This invention relates to an automatic mail processing apparatus capable of performing sorting and piling, pick up, labeling, bundling and any other steps necessary for mail processing in an automatic sequence, and in particular, an automatic mail processing apparatus having reject means for rejecting defective mail.
Automatic mail processing apparatuses have recently been developed which incorporate a reading and sorting machine with automatic delivery, a labeling machine and a bundling machine coupled together by means of a transfer unit in an attempt to process a great amount of mail quickly and reliably with less manpower.
The reading and sorting machine reads out postal codes of the individual pieces of mail fed thereto, stores the read-out data in a memory, piles the mail in a selected one of more than one hundred sorting boxes and autmatically delivers mail from the sorting boxes to a transfer unit when a predetermined number of pieces are piled in one particular sorting box. The transfer unit transports the delivered pile of mail to a labeling apparatus, and then to a bundling apparatus. The labeling apparatus prints a bar code on a paper sheet to make a label, this bar code corresponding to sorting data (postal code, etc.) shifted in said memory in synchronism with the transportation of the mail pile, and attaches the label to the mail pile. The bundling apparatus bundles the labelled pile of mail with a crossing tape. The bundled mail is sorted by the bar codes printed on the attached labels and collected into the corresponding mailbags.

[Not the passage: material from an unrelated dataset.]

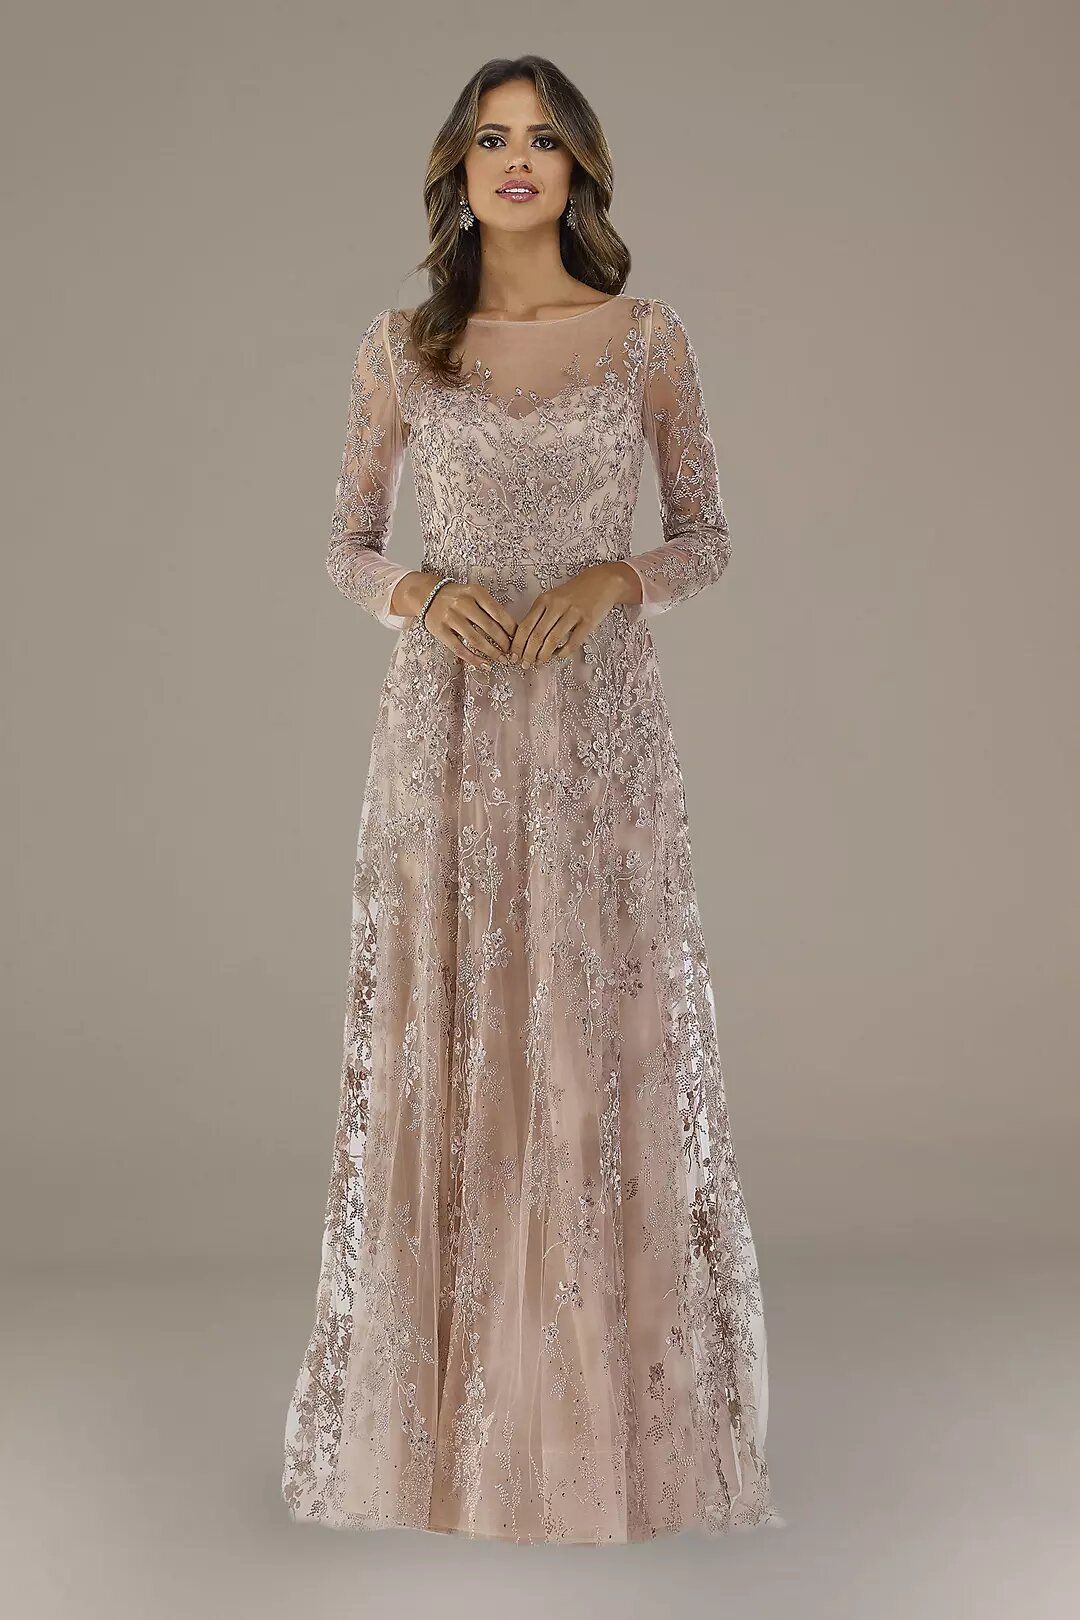 Lara Evette Lace A-Line Long Sleeve Gown
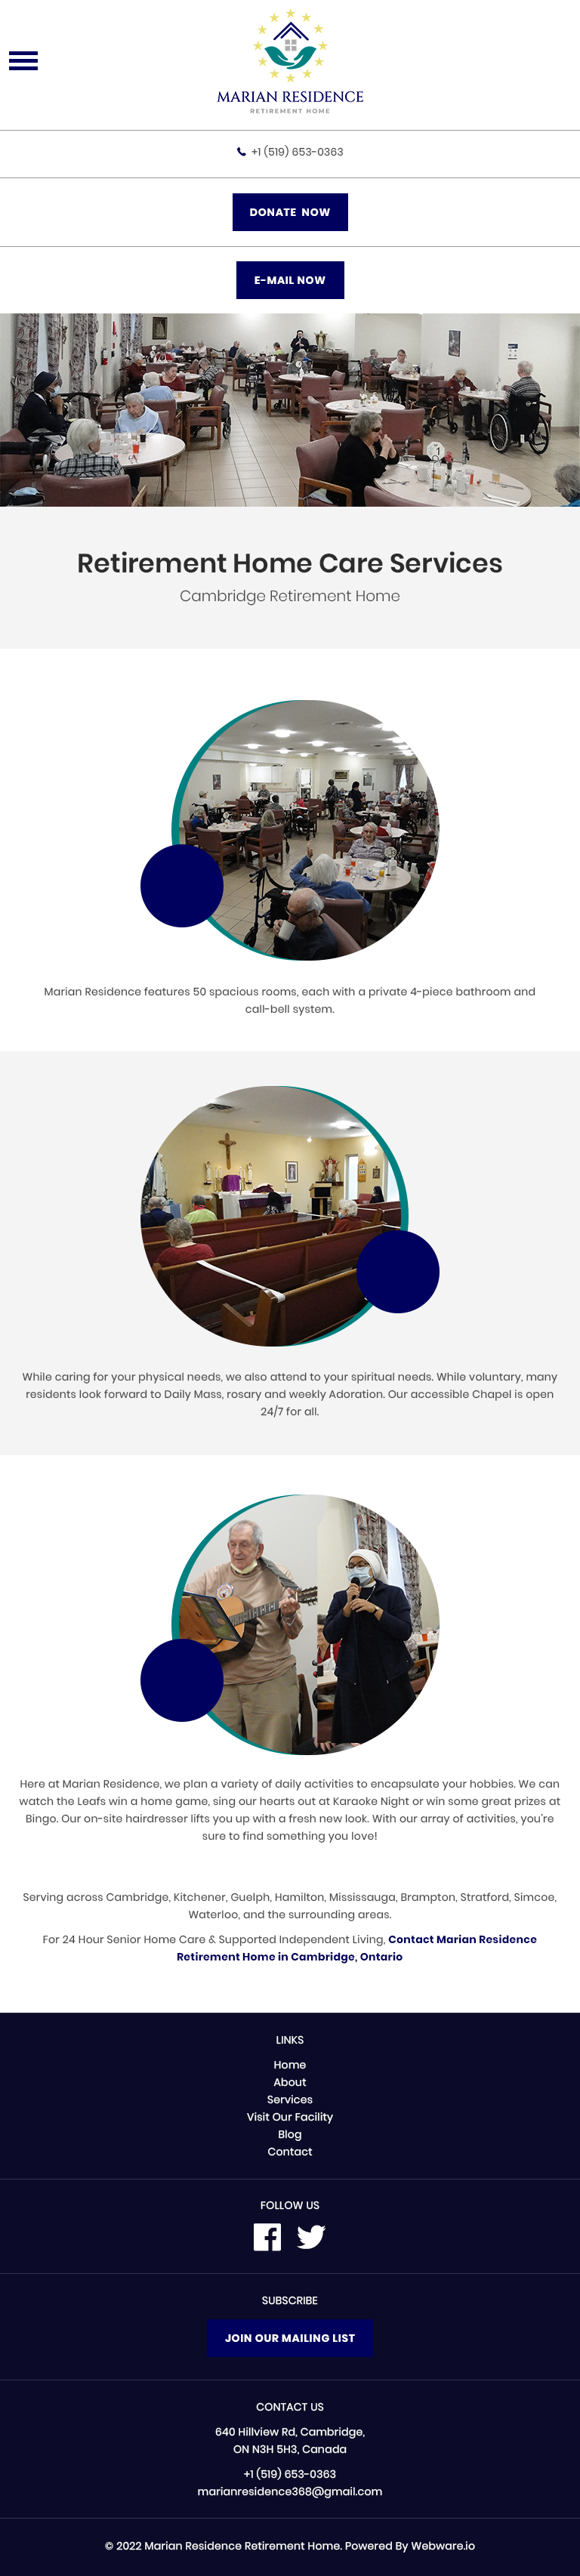 M-Serviceshttps://marian-residence-retirement-home.webware.io/pages/mock/home-mock

However, such conventional automatic mail processing apparatuses have the drawback that sorting data in the memory are likely to be lost by triboelectric noise generated by friction between contiguous pieces of mail in the pile while being transported from the sorting box to the labeling apparatus. If this happens, the labeling apparatus, and hence, the entire mail sorting system becomes inoperative, thus reducing the efficiency of the mail processing operation.
The bundling apparatus is required to impart a proper tension to a bundling tape so that a pile of mail is prevented from becoming unbound in the course of transportation in the bundling apparatus. On the other hand, such a bundling tape has the drawback that its tension may often be greater than the lateral strength of the mail pile, eventually rolling, or in extreme cases, breaking pieces of mail, even if the pile contains an excess number of pieces. To cope with this drawback, the number of pieces in a pile is counted at the time of sorting and the count data produced are stored in the memory together with the sorting data. When a pile of mail arriving at the bundling apparatus is determined on a basis of the count data in the memory to contain less than a determined number of pieces, that mail pile can be rejected from the conveying unit on the assumption that such a pile does not have satisfactory rigidity, so that damage by the bundling apparatus can be avoided. If the data are lost from the memory in the above-mentioned process, however, the count data are also lost, so that the number of pieces of mail cannot be determined, thus increasing the probability of damaging the mail in the bundling apparatus.
Further, even if the count data are maintained in the memory, the bundling apparatus cannot avoid the following drawback. Comparing piles of 10 postcards and 10 5 mm-thick letters, the latter has a greater rigidity than the former. When the above-mentioned threshold number is set on the basis of a less-rigid mail pile, there is the possibility that a pile having less than the predetermined threshold number of pieces, but having a good rigidity for bundling may be rejected, thus reducing the efficiency of the mail processing operation.